By the way, I didn't explicitly state it in my previous message, but
it does seem reasonable to *me* (with my machines) that the default
value should be raised, one way or another.  I just don't know how
raising it would effect others.  Maybe raise it to some midpoint
between 32 and 64?  Maybe 40 or 48?  The result does not have to be
great on older hardware, but I do think it should be "bootable".
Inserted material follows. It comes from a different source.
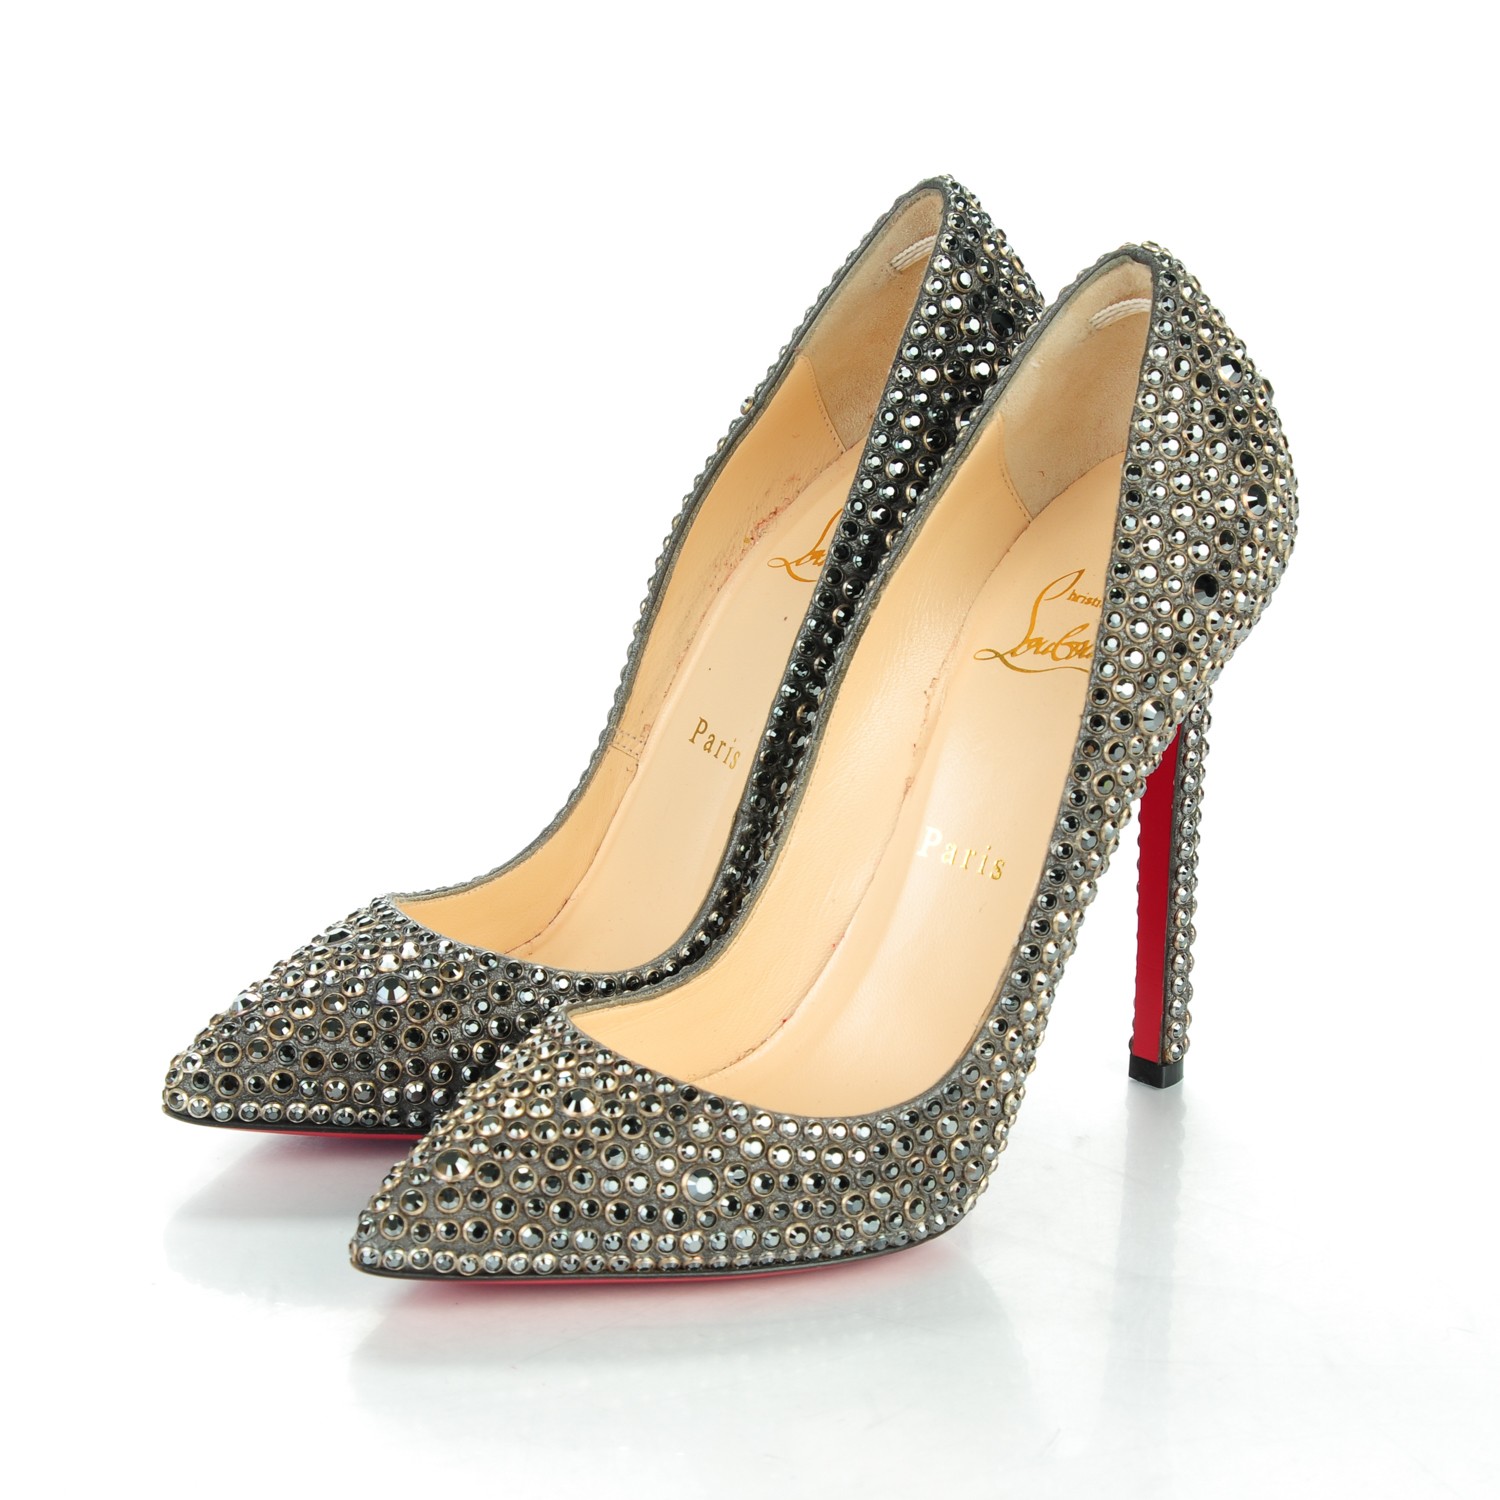 CHRISTIAN LOUBOUTIN Suede Burma Ring Strass Pigalle 120 Pumps 37 ...
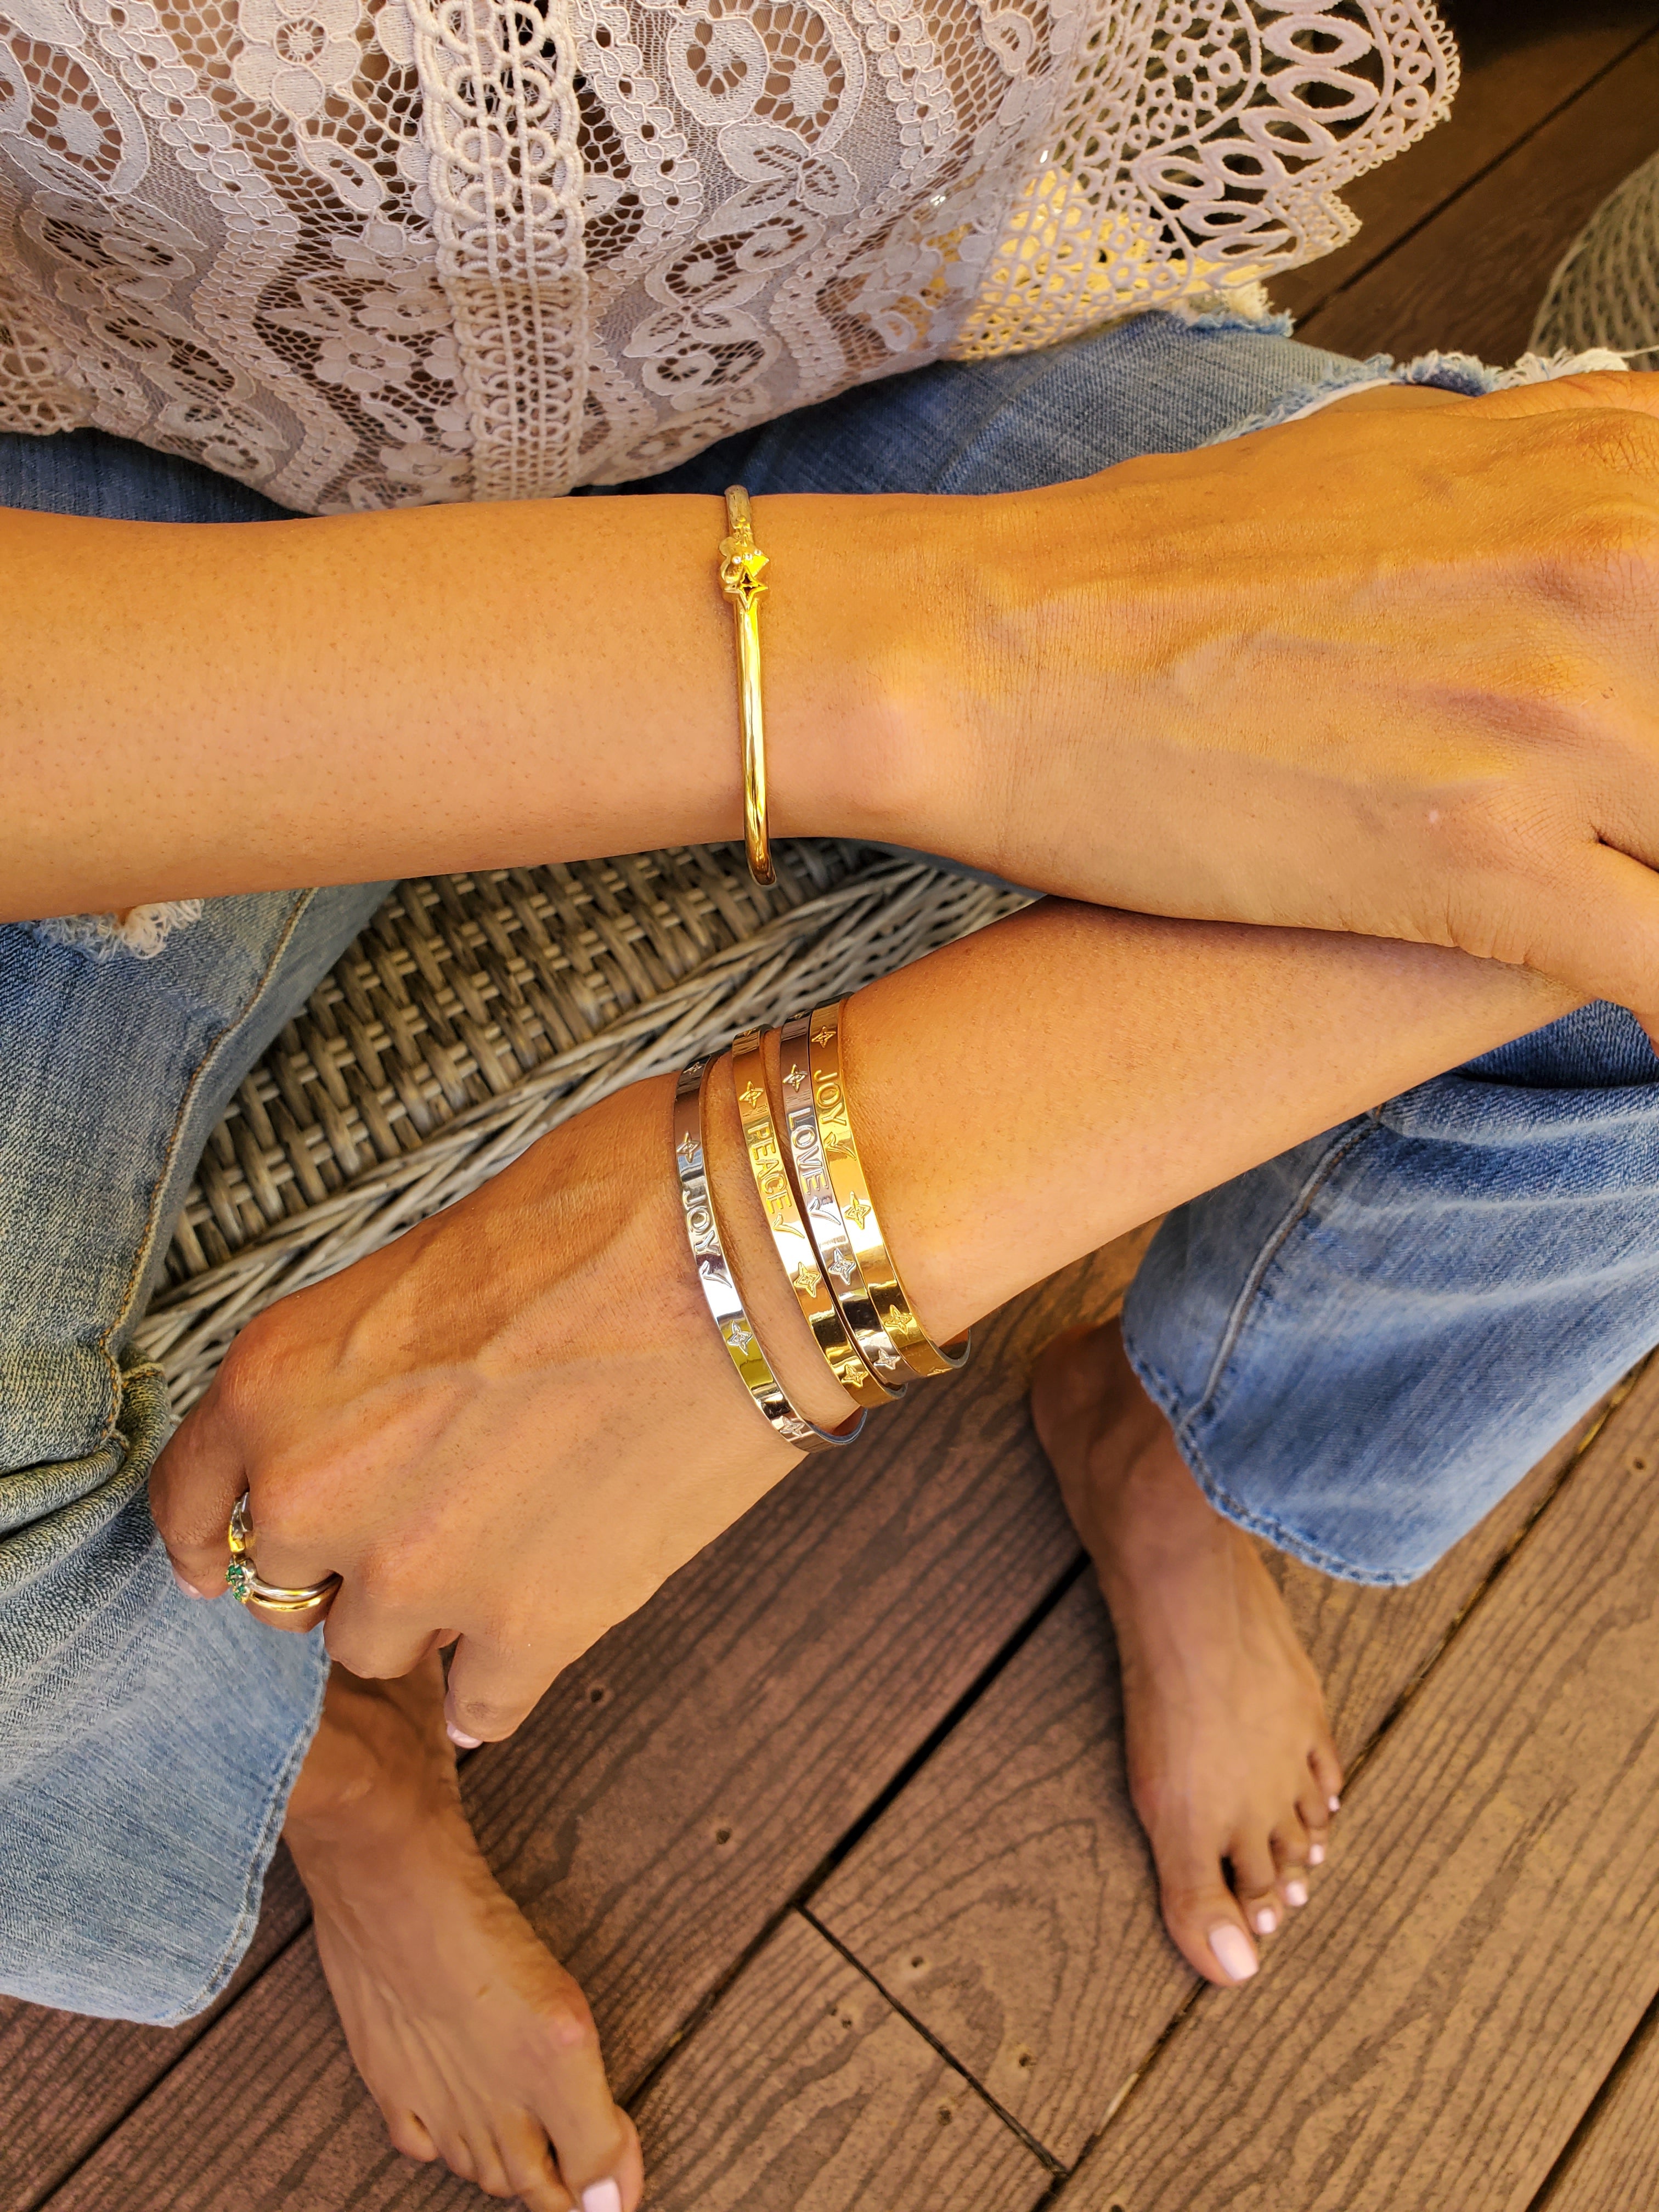 Bracelets that link wrist and fingers gain cachet as jewelry pieces

>  > Another thing I sometimes wonder is if that value (MAXUSERS) sets
>  > the right values for whatever it is setting.  I mean, I always
>  > increase maxusers on my machines, but on the other hand most of my
>  > machines never have more than three people connected to them at
>  > any one time.
>
>Dunno.  It may be that "maxusers" is simply an out-dated term, and
>we should break it down into its components, seperately tweakable at
>boot-time using loader.conf.  Many sites already seperately define
>NMBCLUSTERS to optimize network behavior independently from maxusers
>and the tables it implies.

Well, "maxusers" sounds like a user-friendly measurement, in the sense
that it's a question that any person might feel comfortable guessing
at.  If we remove that setting, then people have to guess at how many
NMBCLUSTERS that they need.  I dread installing things which ask me
questions where I don't even know what the question means, never mind
what the right answer is...

I'm thinking more that maybe the mapping between the MAXUSERS value
and <whateverItEffects> should be different.  So, we would not change
the default value for MAXUSERS, but we would change how many
NMBCLUSTERS are assigned per MAXUSER, and thus a default setting of
32 be reasonable for many of the machines which run freebsd.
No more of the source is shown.